Le di un portazo en las narices a mi presente y lo convertí en pasado. Luego le puse un candado, le di dos vueltas de llave y la arrojé muy lejos, donde yacen los recuerdos que con el tiempo se convierten en olvido y mueren.
No lo hice por nadie, lo hice por mí.
Por primera vez supe lo que se sentía al mandar a la mierda todo aquello por lo que había sacrificado una parte de mi felicidad sin obtener recompensa. Todas mis ilusiones, mis sueños y mis ojalás.

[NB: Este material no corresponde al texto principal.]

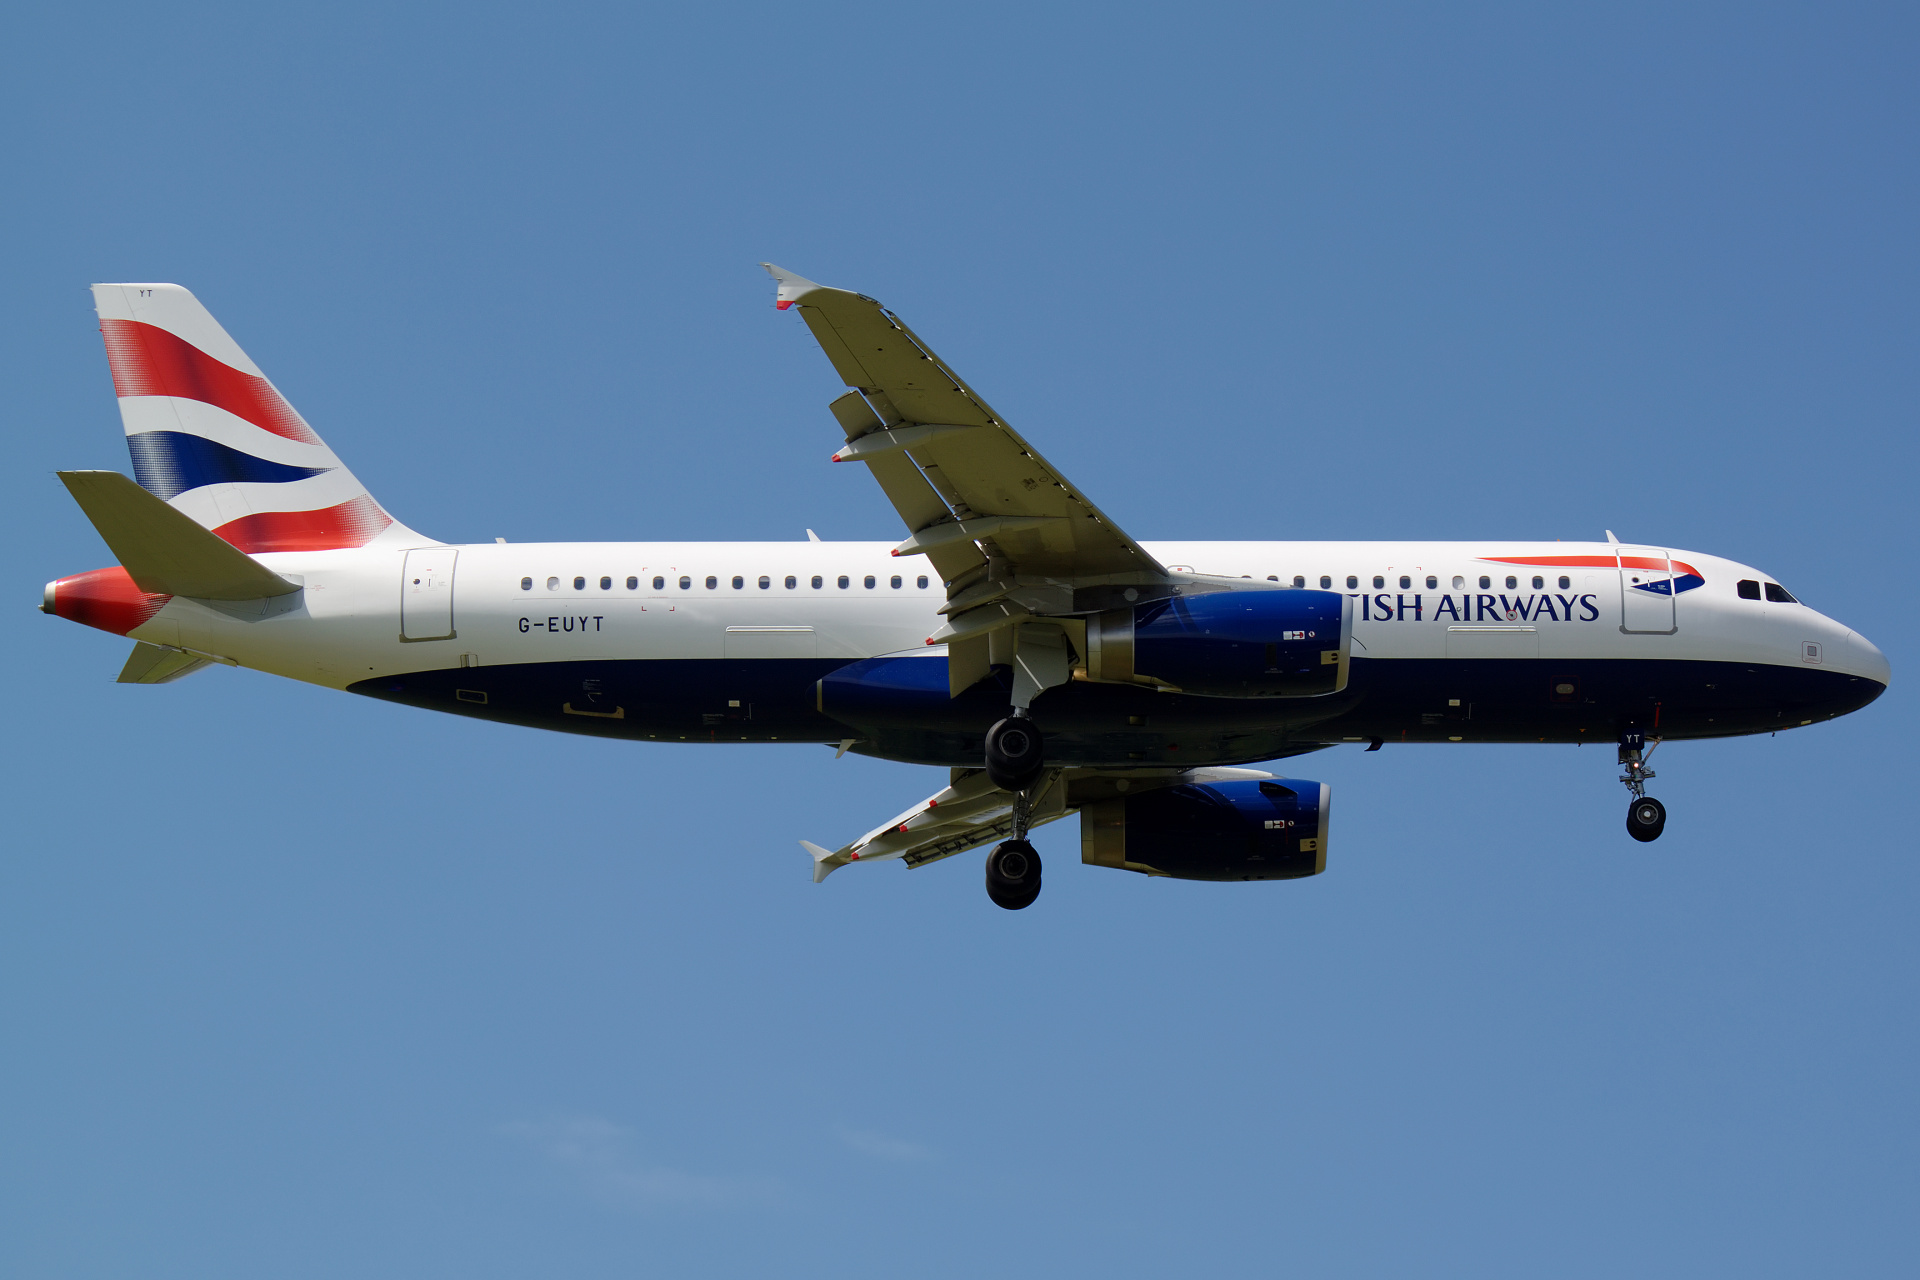 G-EUYT (Aircraft » EPWA Spotting » Airbus A320-200 » British Airways)

Todos depositados en las personas equivocadas, en el lugar equivocado y el momento equivocado. No sentí frustración ni decepción, sino alivio. Llevaba demasiado tiempo arrastrando un fardo lleno de responsabilidad por felicidades ajenas. No voy a decir que fue fácil abandonarlo a medio camino; ya formaba parte de mí, aunque era la parte menos buena: mi infelicidad. Así que esta vez no, no lo hice por nadie. Por primera vez no lo hice por nadie, lo hice sencillamente por mí.
Detrás de la puerta que he cerrado hay un pasado de decisiones muy meditadas. A veces acertadas, otras no. Pero todas tenían un denominador común: mi bienestar siempre era secundario. El temor a equivocarme en dichas decisiones pasaba por el miedo a perjudicar a otro o alterar de algún modo su tranquilidad. Y así pasé gran parte de mi vida, haciéndosela más cómoda a los demás sin importarme tanto los “pequeños sacrificios”.
Por eso ahora actúo sin temor a equivocarme. Porque cada decisión que tome en la que prevalezca mi propia felicidad será la acertada. Me equivocaré mil veces, pero me habré equivocado bien. Puede sonar egoísta, pero no lo es. Me debo mucho.